なんか北のほうのいろんな部族を併合して、人種もなんだかわけわかんなくて、常識外の曹操が派手に騒ぎまくる「魏」のイメージですね。
「STANDARD」と「STANDARD HORIZON」なんか夏侯淵と夏侯惇みたいですし、後述しますが、最強の武将「呂布モトローラ」も併合するあたり完全に曹操です。
なお、誤解を招くといけませんが、メーカーとしてはとても人情味のある、真面目で誠実なメーカーさんです!
【モトローラ】
で、モトローラです。
さっき言いましたけど「呂布」です。
世界シェアNo. 1です。そもそも軍事用です。武力最強です。
実際、モトローラの品質基準は独自のもので、他のメーカーに比べてやたらに厳しいのです。
国内の基準で法的にOKになっても、モトローラの基準でOKにならないので、新商品が出ても社内審査に通らずになかなか発売されないとかよくある話です。
それくらい、優秀な品質の機械であります。
また、技術力にも優れ、驚くような製品を出してきます。例えば特小の『CL1K』が出た時にはその小ささに驚きました。(ただし、アンテナ内蔵なうえに小さすぎて、あまり飛ばないのはご愛嬌)
なお、八重洲無線の『STANDARD VXD20』などのVXDシリーズとモトローラの『GDR4800』などのシリーズが、バッテリーや充電器などのオプションが一部共通だったりします。※詳しくはメーカーや販売店にお確かめ下さい
現在モトローラ製品は八重洲無線が販売しているので、「STANDARD(HORIZON)」ブランドと営業的にどっちつかずのタコ足食いにならなきゃいいのですが。
しかしながら、昔からのファンも多く世界的には一番有名なメーカーです。
いろいろ面白い製品や最新技術の製品も発表してくるので、常にチェックしておいて損はないと思います。
【アルインコ】
最後にアルインコであります!
ひたすらに我が道を行くアルインコであります!
他のメーカーが、アマチュア無線だったり音響系の流れを組んでいたりするのに対し、アルインコは独特です。

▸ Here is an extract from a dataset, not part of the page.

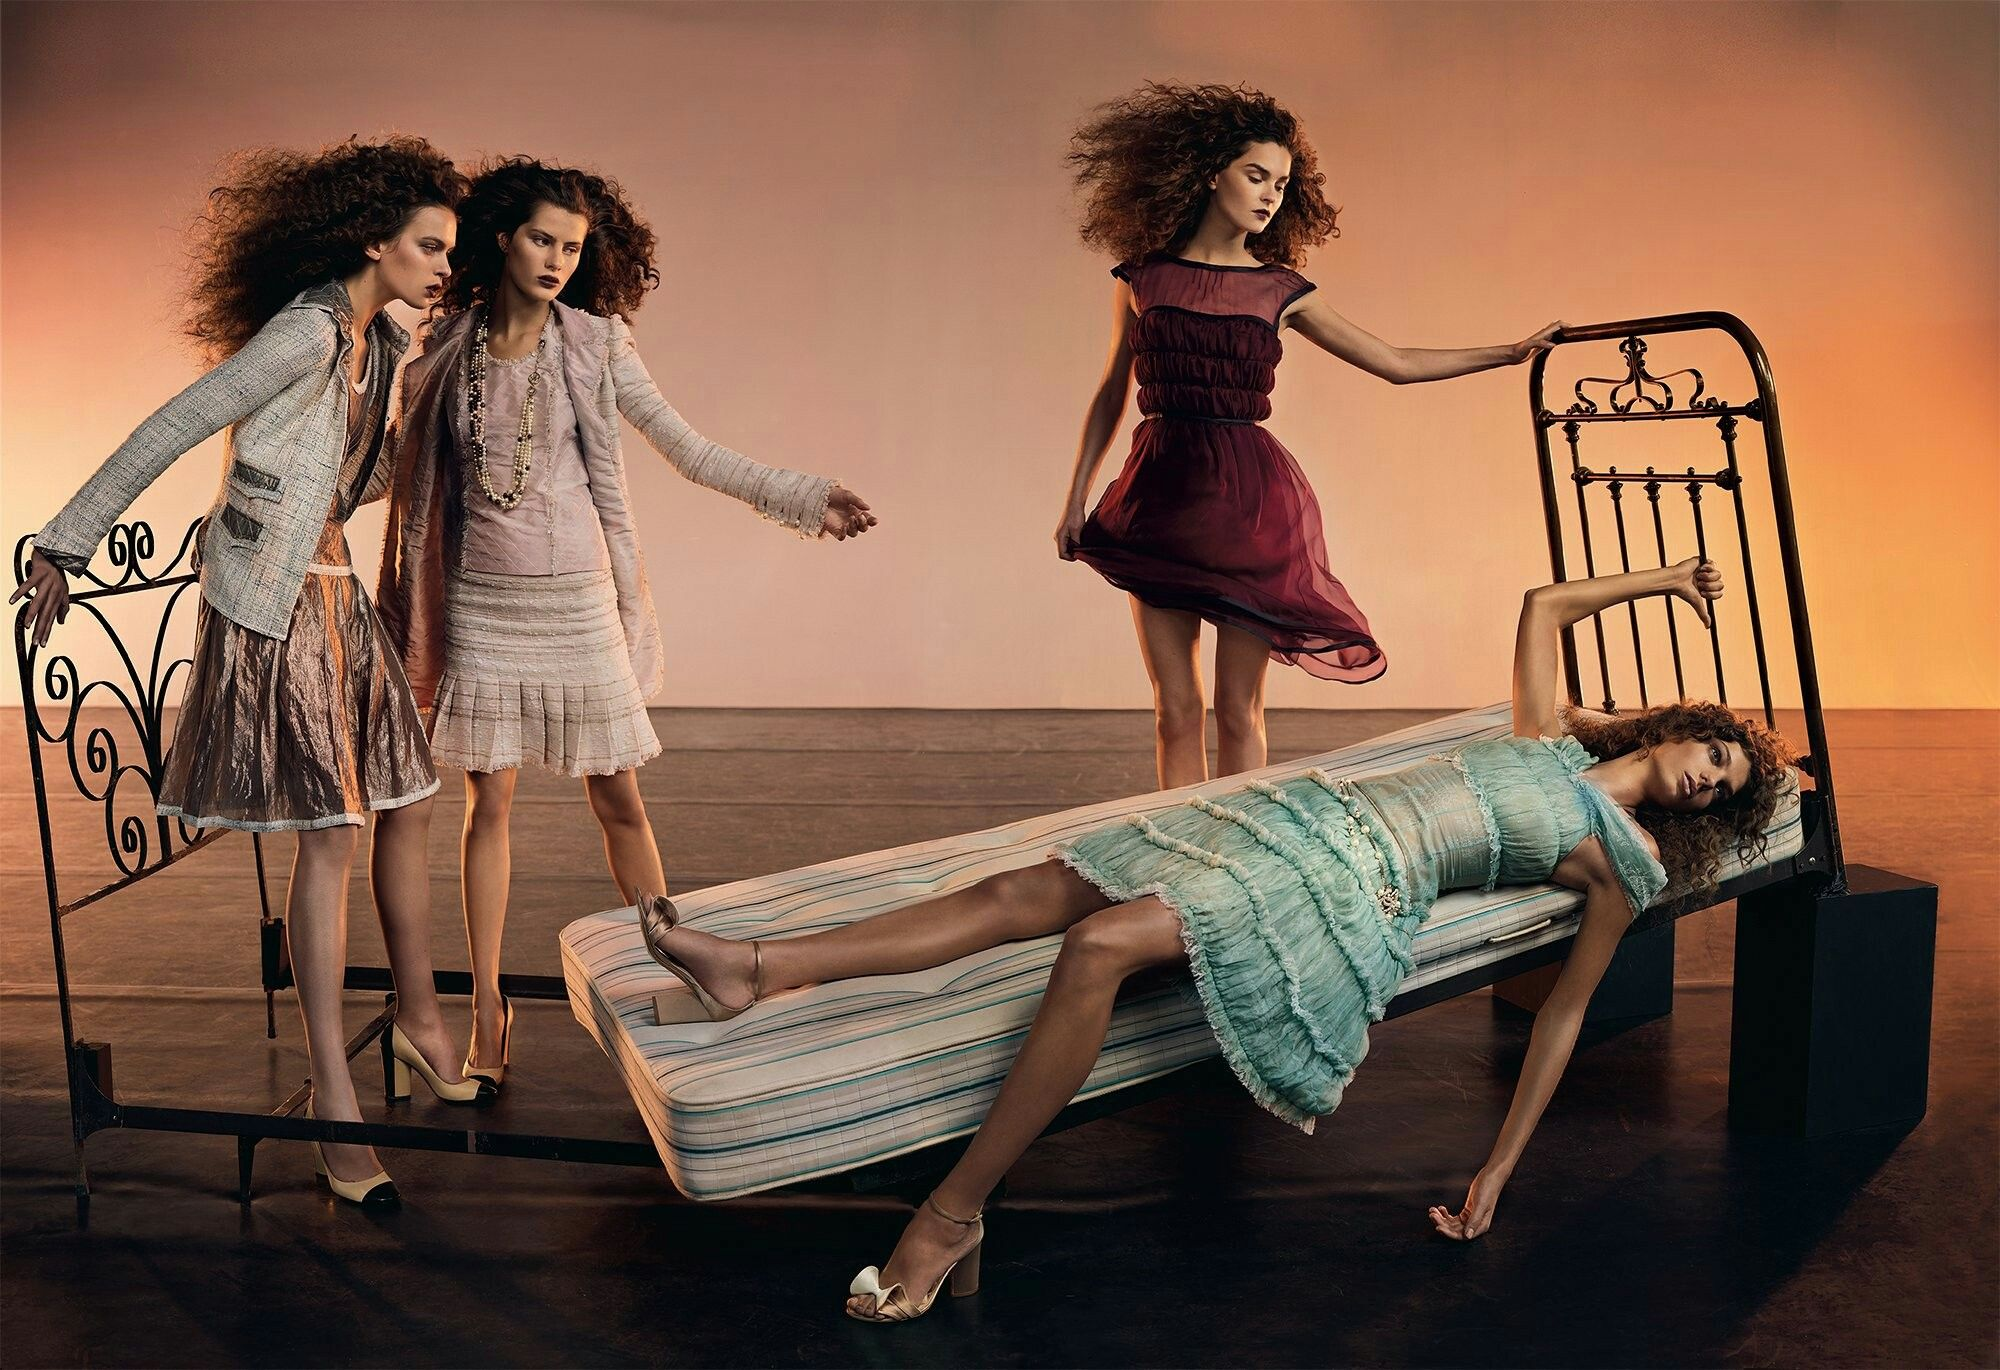 Sisterhood Editorial fashion, Karen elson, Fashion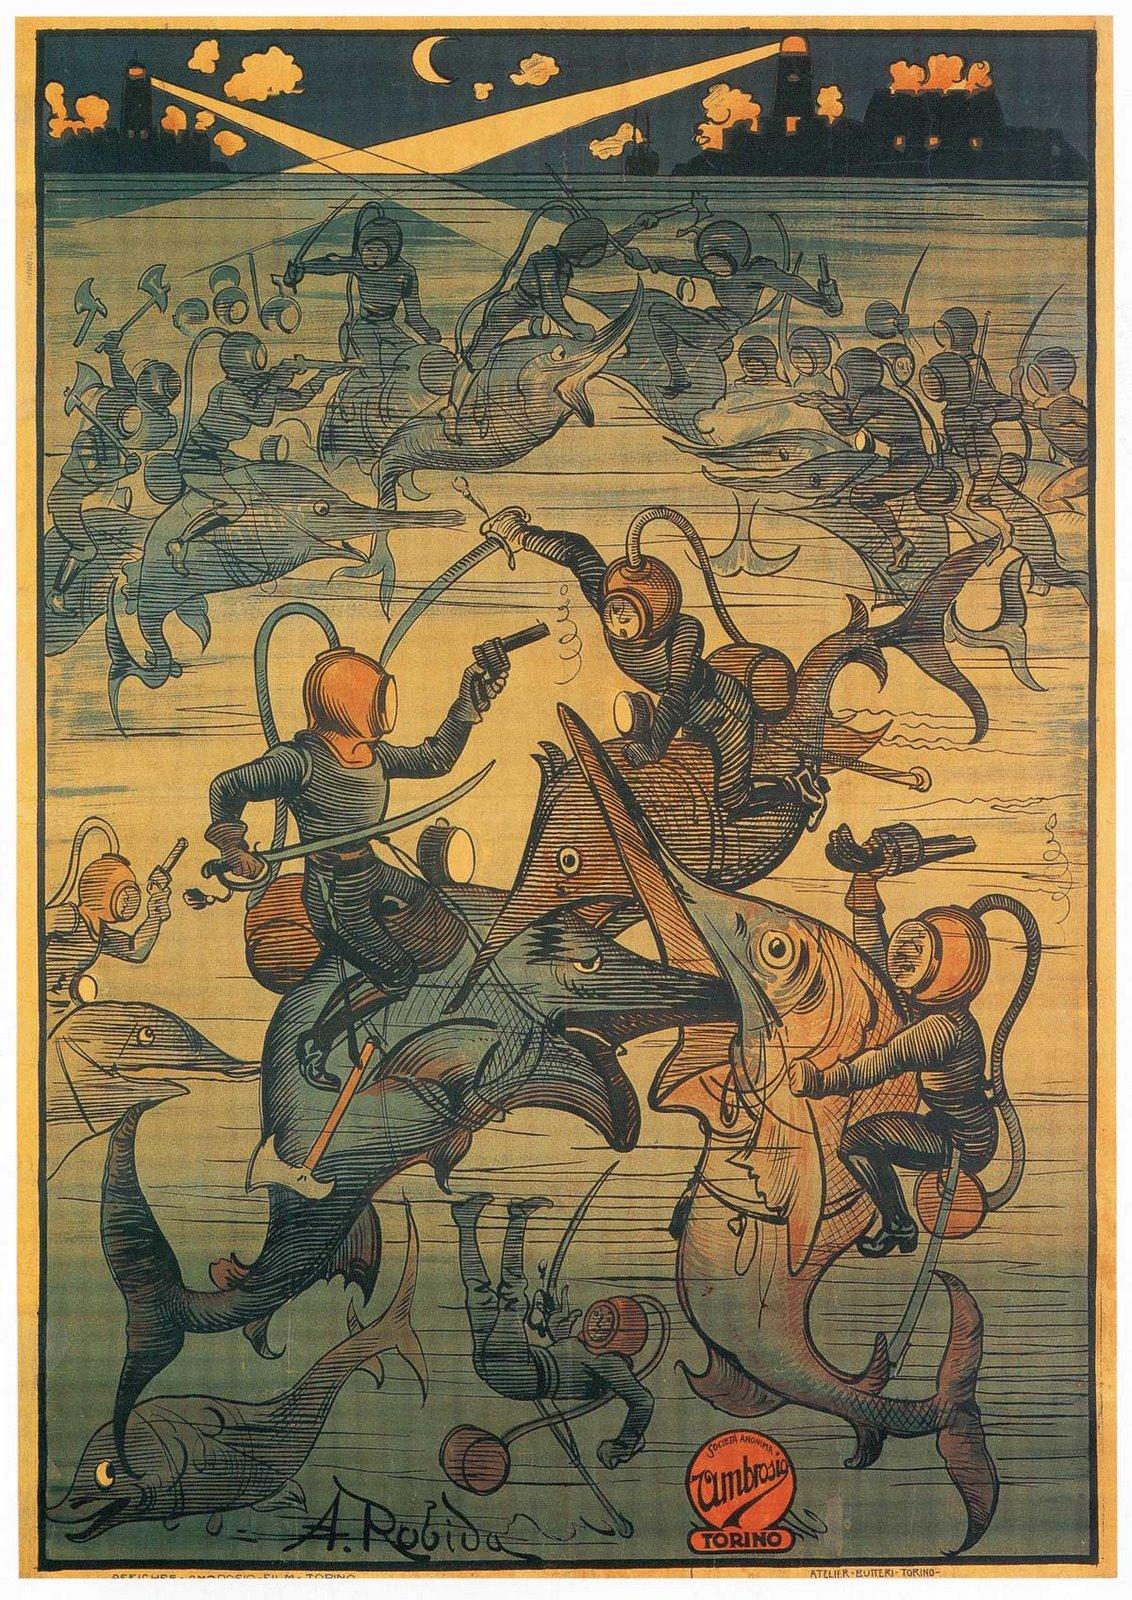 1914---L'Avventure-Straordi.jpg

なんたって前身は「井上鉄工所」であります!
まず、無線機以外の事業が「建設機材」とか「仮設足場」とか「DIY」とか「フィットネス」とか、もう独特すぎます。ホームページを調べると、足場とダイエット器具と無線機が並んでいるような、完全なカオスであります(笑)。
そして、その無線機も独特で、見学会などで使う特定小電力トランシーバーのガイドシステムだったり、独自の通信方式を取り入れたデジ簡など、ちょっと風変わりな雰囲気です。
もう、おわかりですね。
ハイ、南蛮の「孟獲大王」であります。
製品もクセが強く(という先入観かもしれませんが)、言うなれば朶思大王や兀突骨のような風変わりな武将揃いの南蛮軍のようなのであります。
それだけ独特なのですが、製品の評判は高く、時に特小では『DJ-PB20』などのアルインコ製品を使われているところは多いです。
中継システムも優れていて、イメージよりも全然使い勝手がいいのであります。
ということで、少しでも製品選びのお役に立てれば幸いです。
ちなみに私は呂布推しであります。